=== Task ===
With pictures left out, copy exactly every line from the one containing "சேம்சங் DW80R5061US/AA Dishwasher" through the end of the material.

——

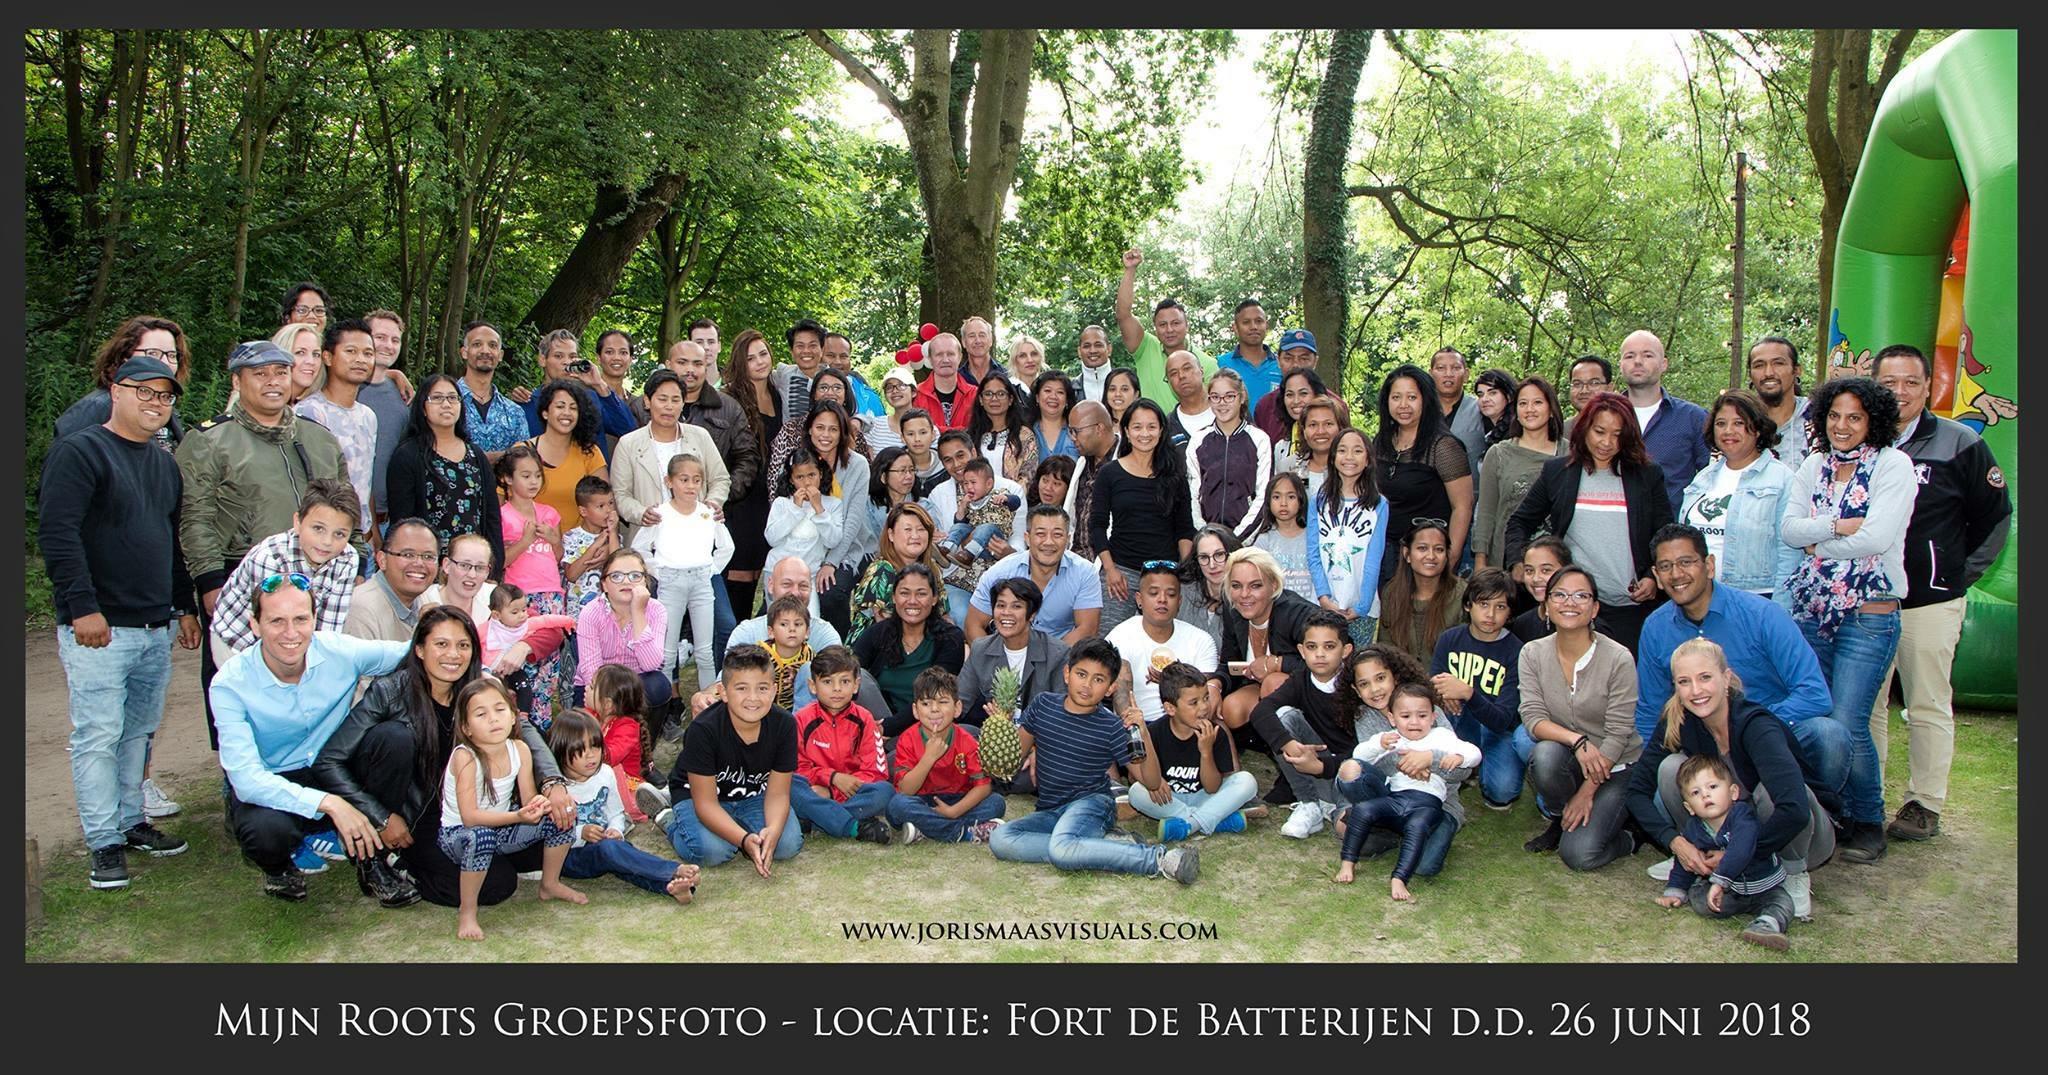 Bijeenkomst Fort de Batterijen te Nieuwegein
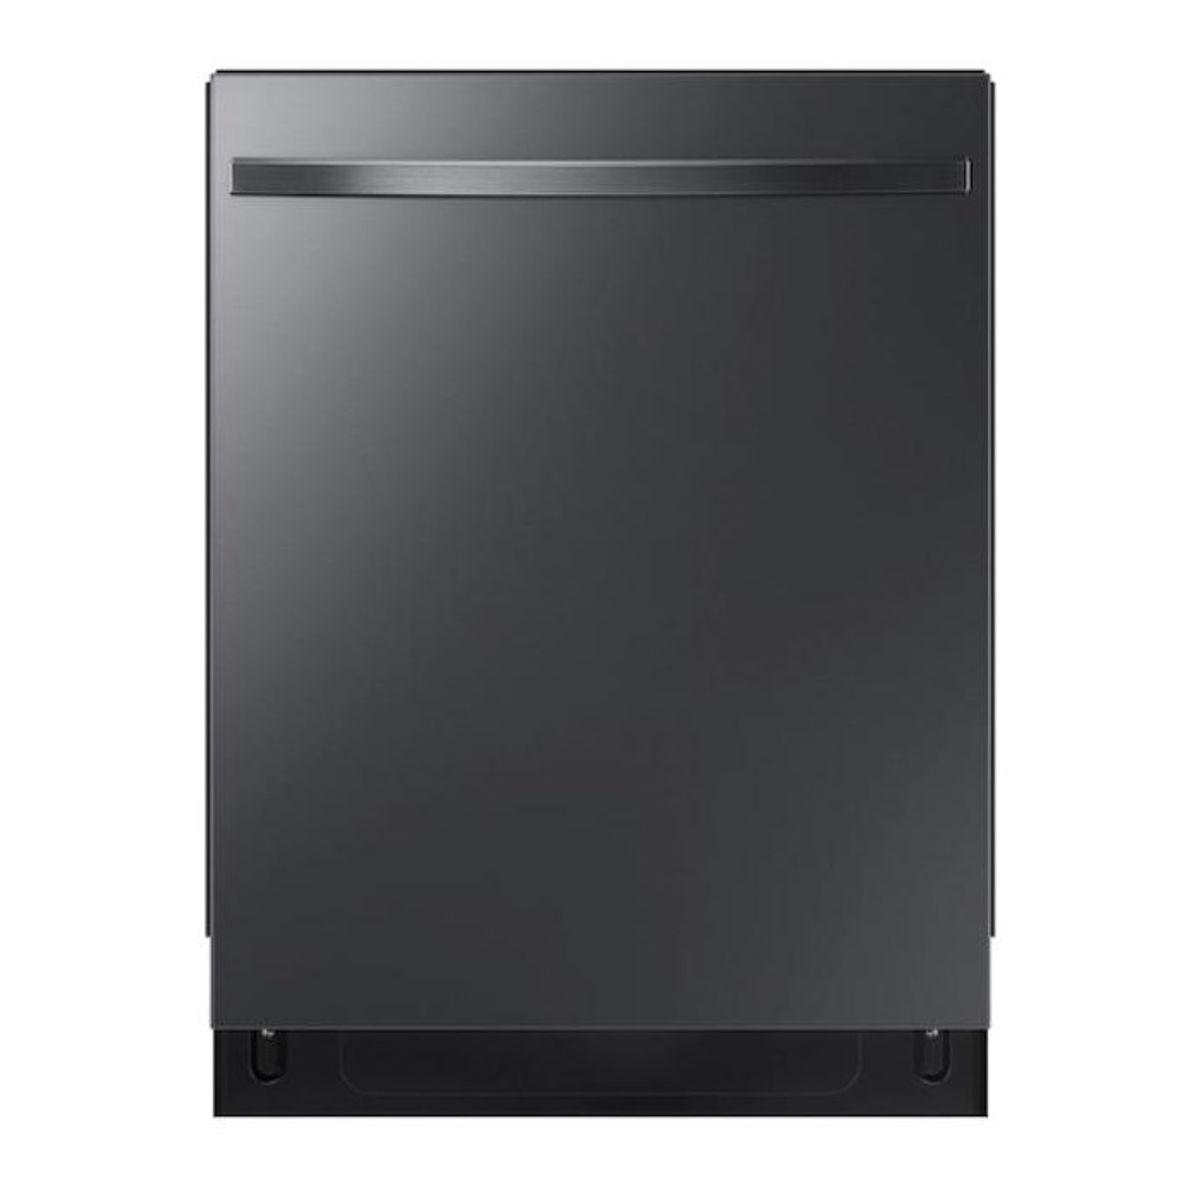 சேம்சங் DW80R5061US/AA Dishwasher
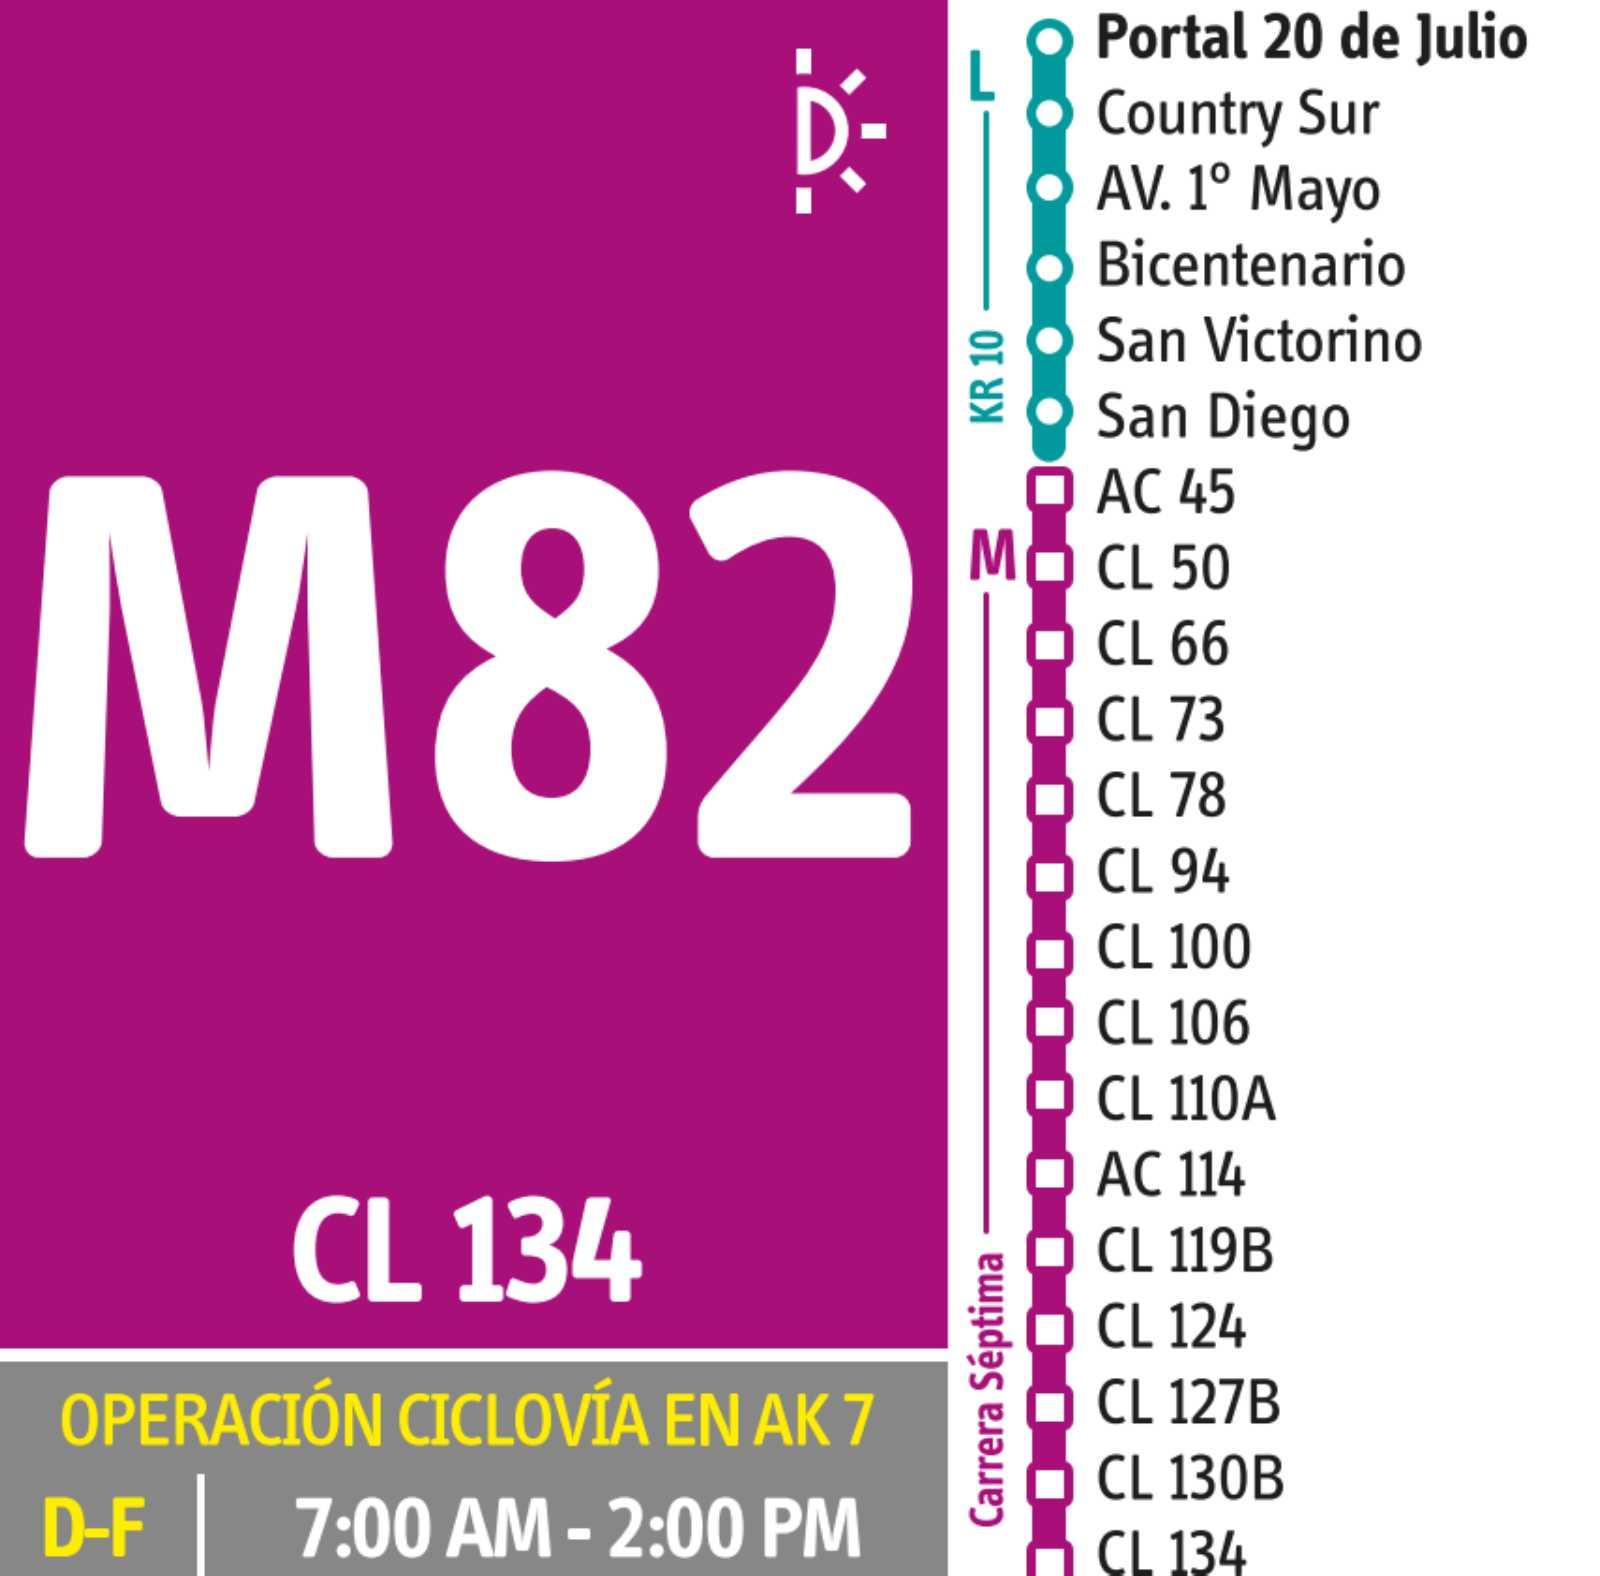 M82 > Portal 20 de Julio -Clínica El Bosque(DUAL) - festivos
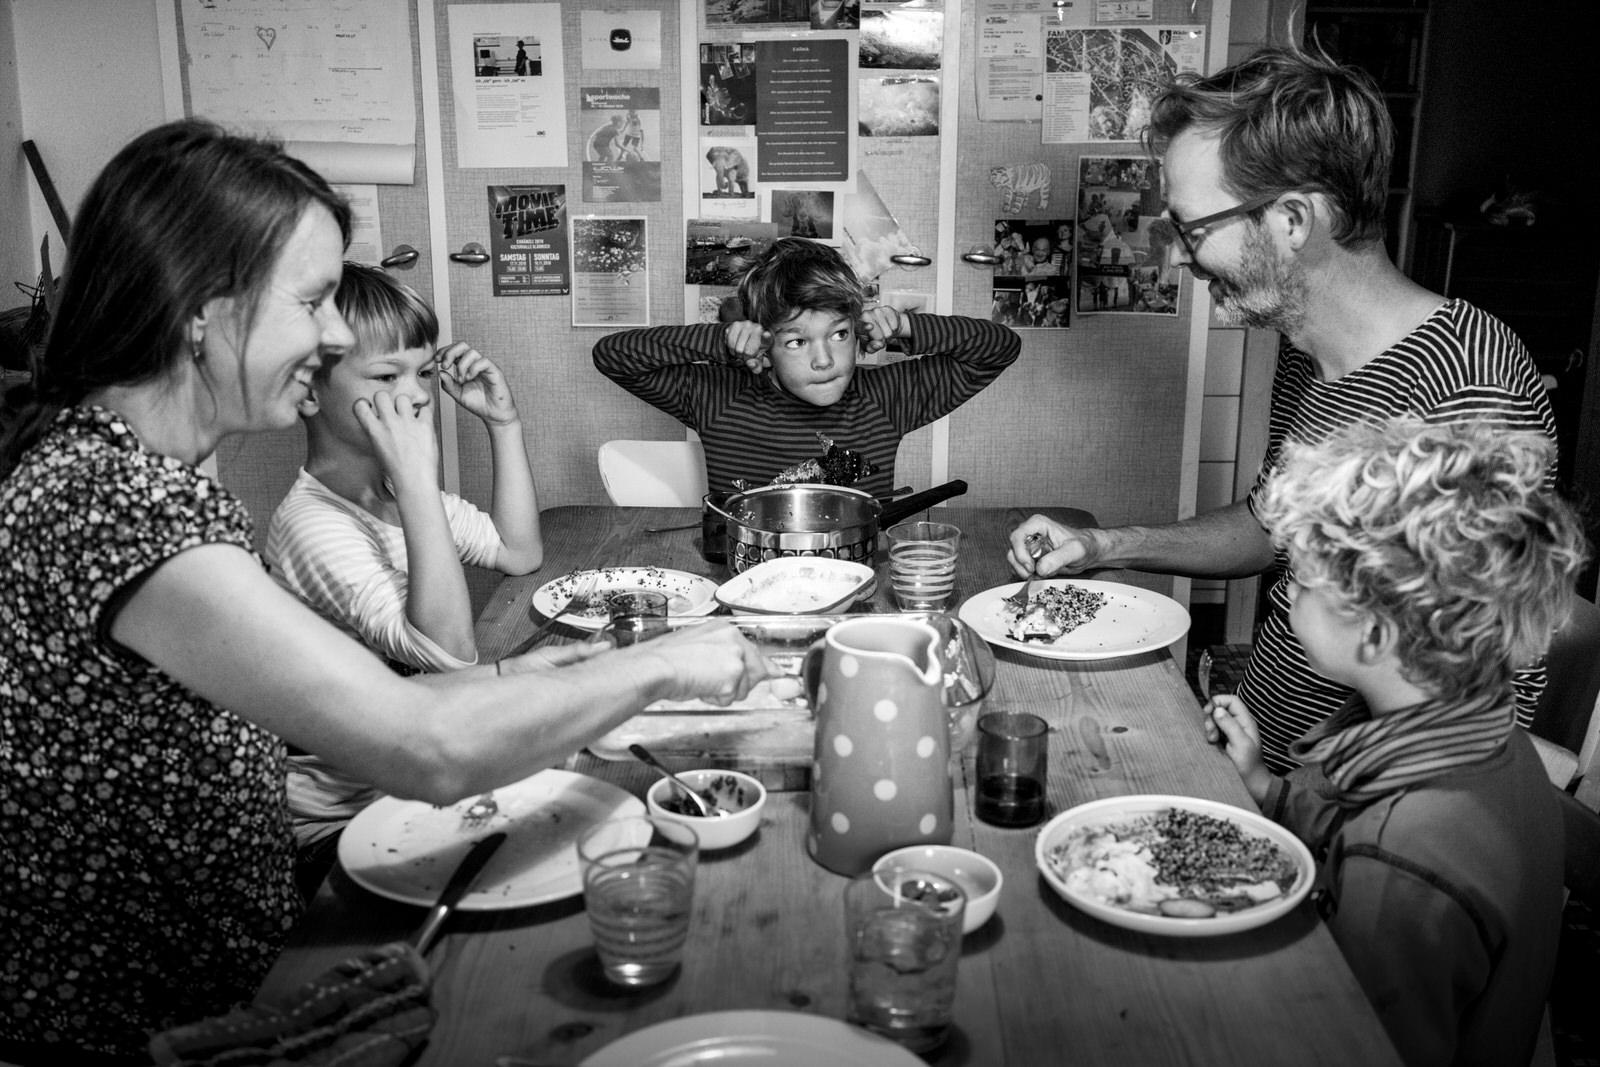 Familie beim Essen - Familienfotografin unterwegs | Familienfotos drinnen und draussen
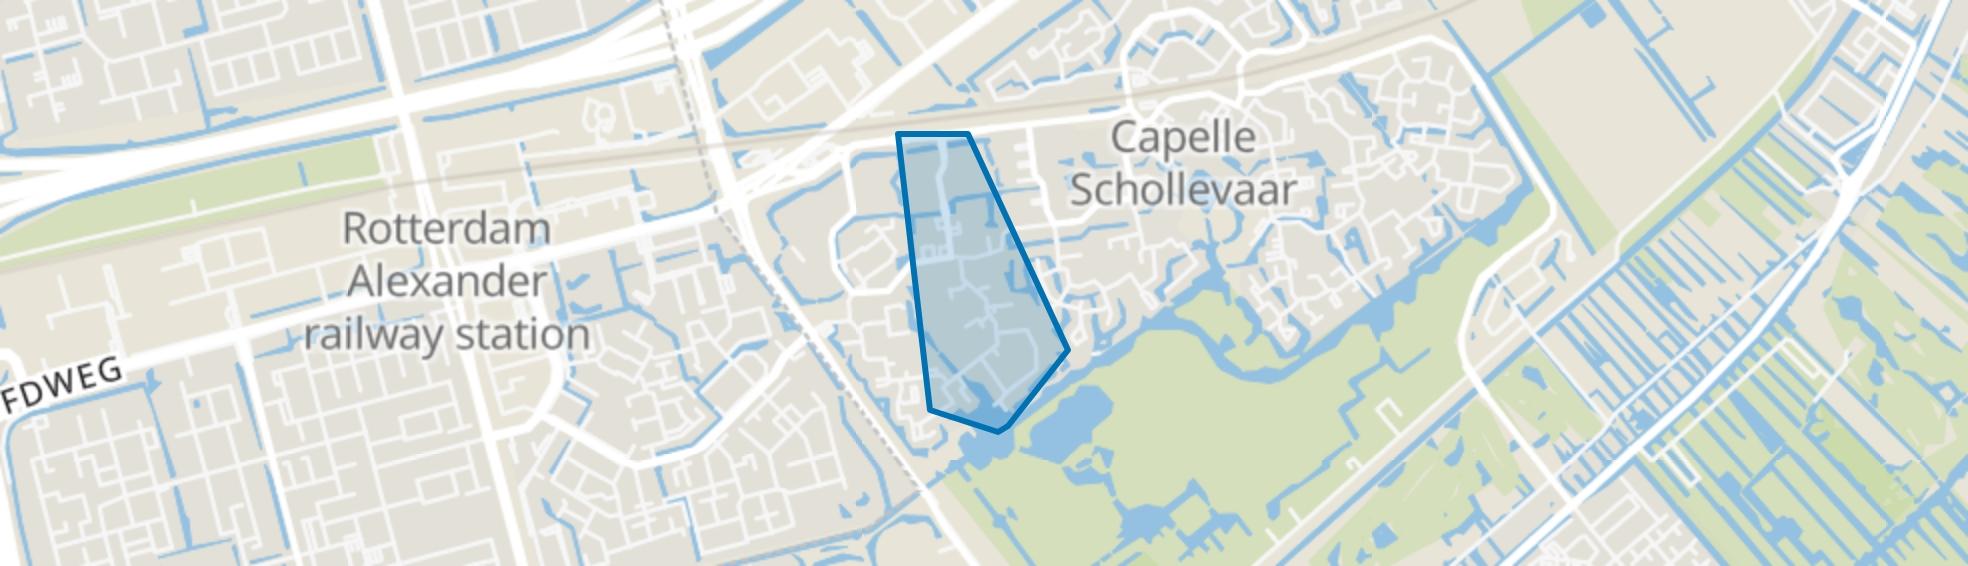 Ervenbuurt, Capelle aan den IJssel map

——

=== Result for this exercise ===
 சேம்சங் DW80R5061US/AA Dishwasher
 M82 > Portal 20 de Julio -Clínica El Bosque(DUAL) - festivos
 Familie beim Essen - Familienfotografin unterwegs | Familienfotos drinnen und draussen
 Ervenbuurt, Capelle aan den IJssel map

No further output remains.